民間企業からは株式会社トリドールホールディングスの草野篤氏らが登壇し、外食産業を中心とした海外展開の知見を共有。研究機関からは早稲田大学教授の深川由起子氏が参加し、セミナー全体についての講評を行った。

〈2030年目標 「海外から稼ぐ力」の強化〉

農水省は「食料・農業・農村基本計画」(令和7年4月11日閣議決定)において、輸出拡大、食品産業の海外展開、インバウンドによる食関連消費の3本柱で2030年目標を設定し、「海外から稼ぐ力」の強化に注力している。

2030年の具体的な数値目標は以下の通りだ。

〈1〉農林水産物・食品の輸出額
1.5兆円(2024年) → 5兆円

〈2〉食品産業の海外展開による収益額
1.6兆円(2022年) → 3兆円

〈3〉インバウンドによる食関連消費額
1.6兆円(2023年) → 4.5兆円

今回のセミナーでは、目標〈2〉にあたる「食品産業の海外展開」が議題の中心となった。

〈インド・インドネシア視察から見える課題と可能性〉

農水省・国際情報分析官の大川氏は講演において、2025年度に実施したインドおよびインドネシアへの現地視察ミッションの結果を報告した。

農水省、輸出・国際局 海外需要開拓グループ 国際情報分析官 大川幸樹氏
農水省、輸出・国際局 海外需要開拓グループ 国際情報分析官 大川幸樹氏

インドについては、食に関して保守的であり、東南アジアの他都市と比べても飲食店の数が少ないと指摘。日本食は駐在員向けが主流で、現地の富裕層の一部に親しまれている程度だという。今後の課題として、未整備な都市間物流や、ベジタリアン層への対応が挙げられた。

一方のインドネシアは、日本食レストランが6,580店舗で東南アジア1位と多く、イギリス(1,823店舗)、フランス(3,390店舗)、イタリア(2,160店舗)といった欧州諸国と比較しても際立って多いことが紹介された。

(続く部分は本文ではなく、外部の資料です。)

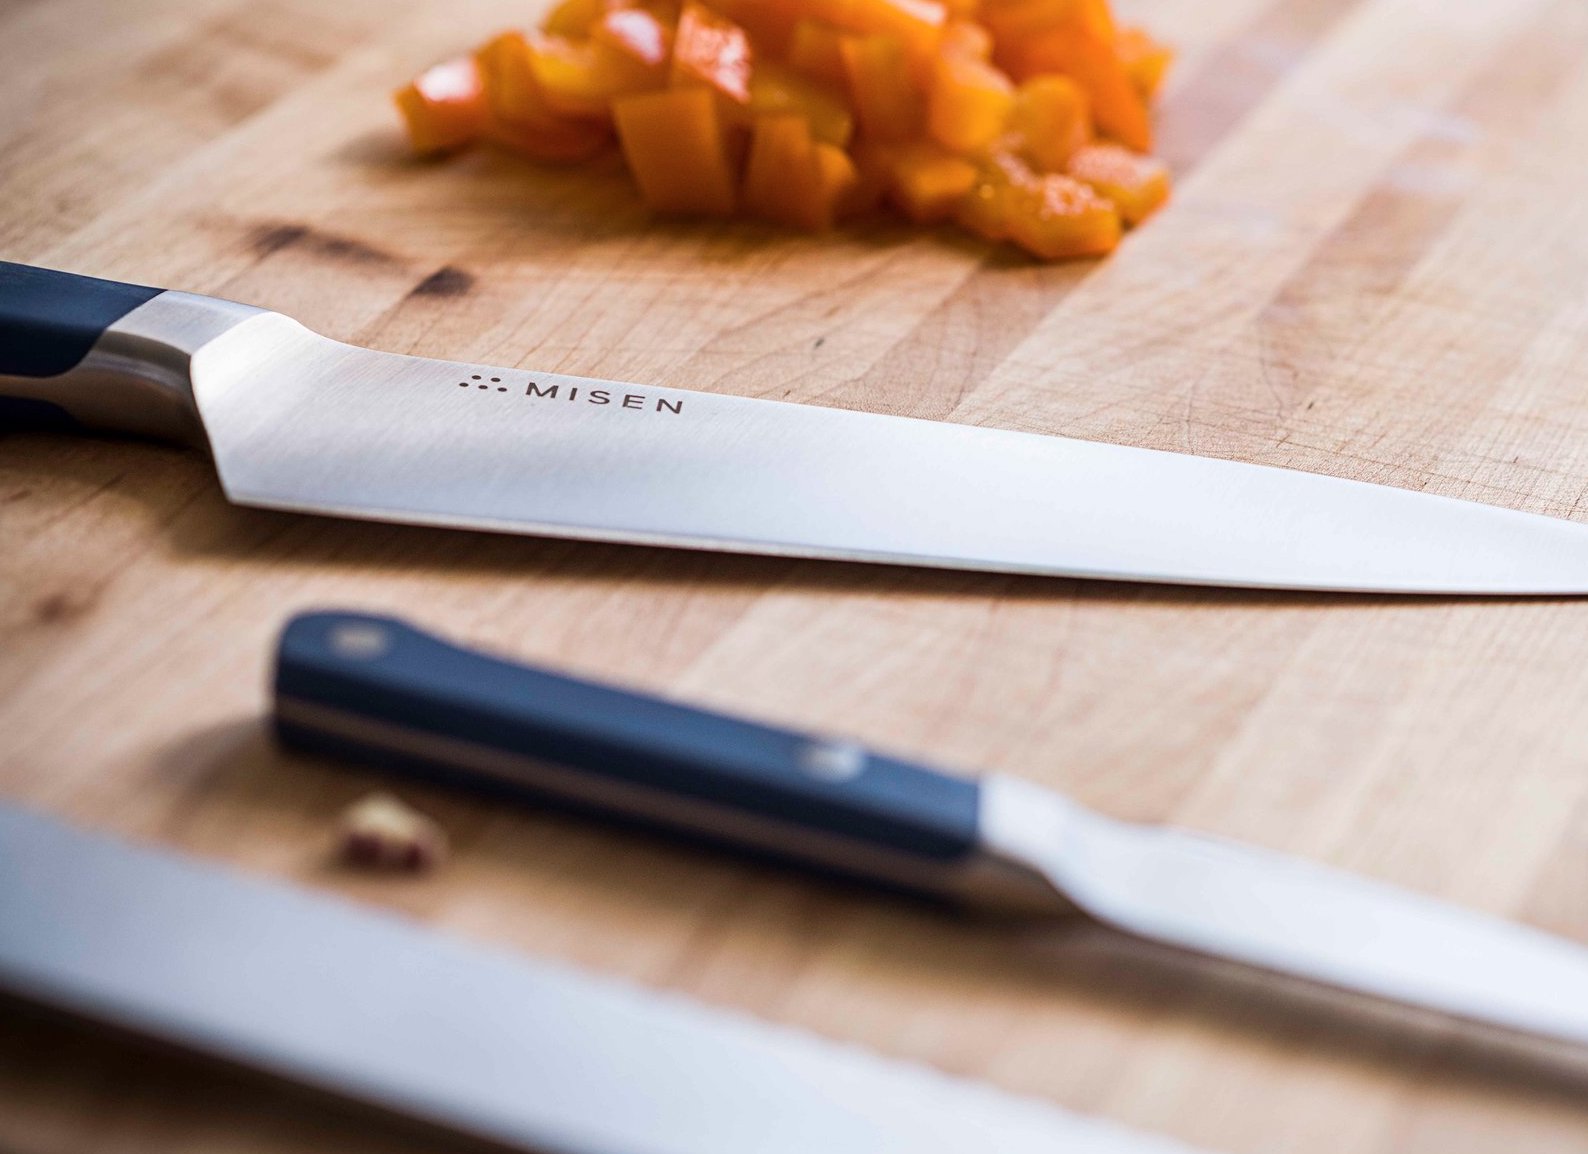 Chef knives: three knives on a cutting board

現地でビジネス・マッチングを実施した際にも12社のインドネシア企業が参加し、商談も活発だったという。
課題としては、イスラム教徒の多さに伴うハラール認証への対応が不可欠だとした。

報告で発表されたインドとインドネシアの基礎指標は以下。

インドとインドネシアの基礎指標
インドとインドネシアの基礎指標

GFVCは、2026年度にベトナムとマレーシアへの現地ミッション派遣を検討している。大川氏は「今後も最新の情報を届けつつ、日本の食産業の海外展開を後押ししていきたい」と結んだ。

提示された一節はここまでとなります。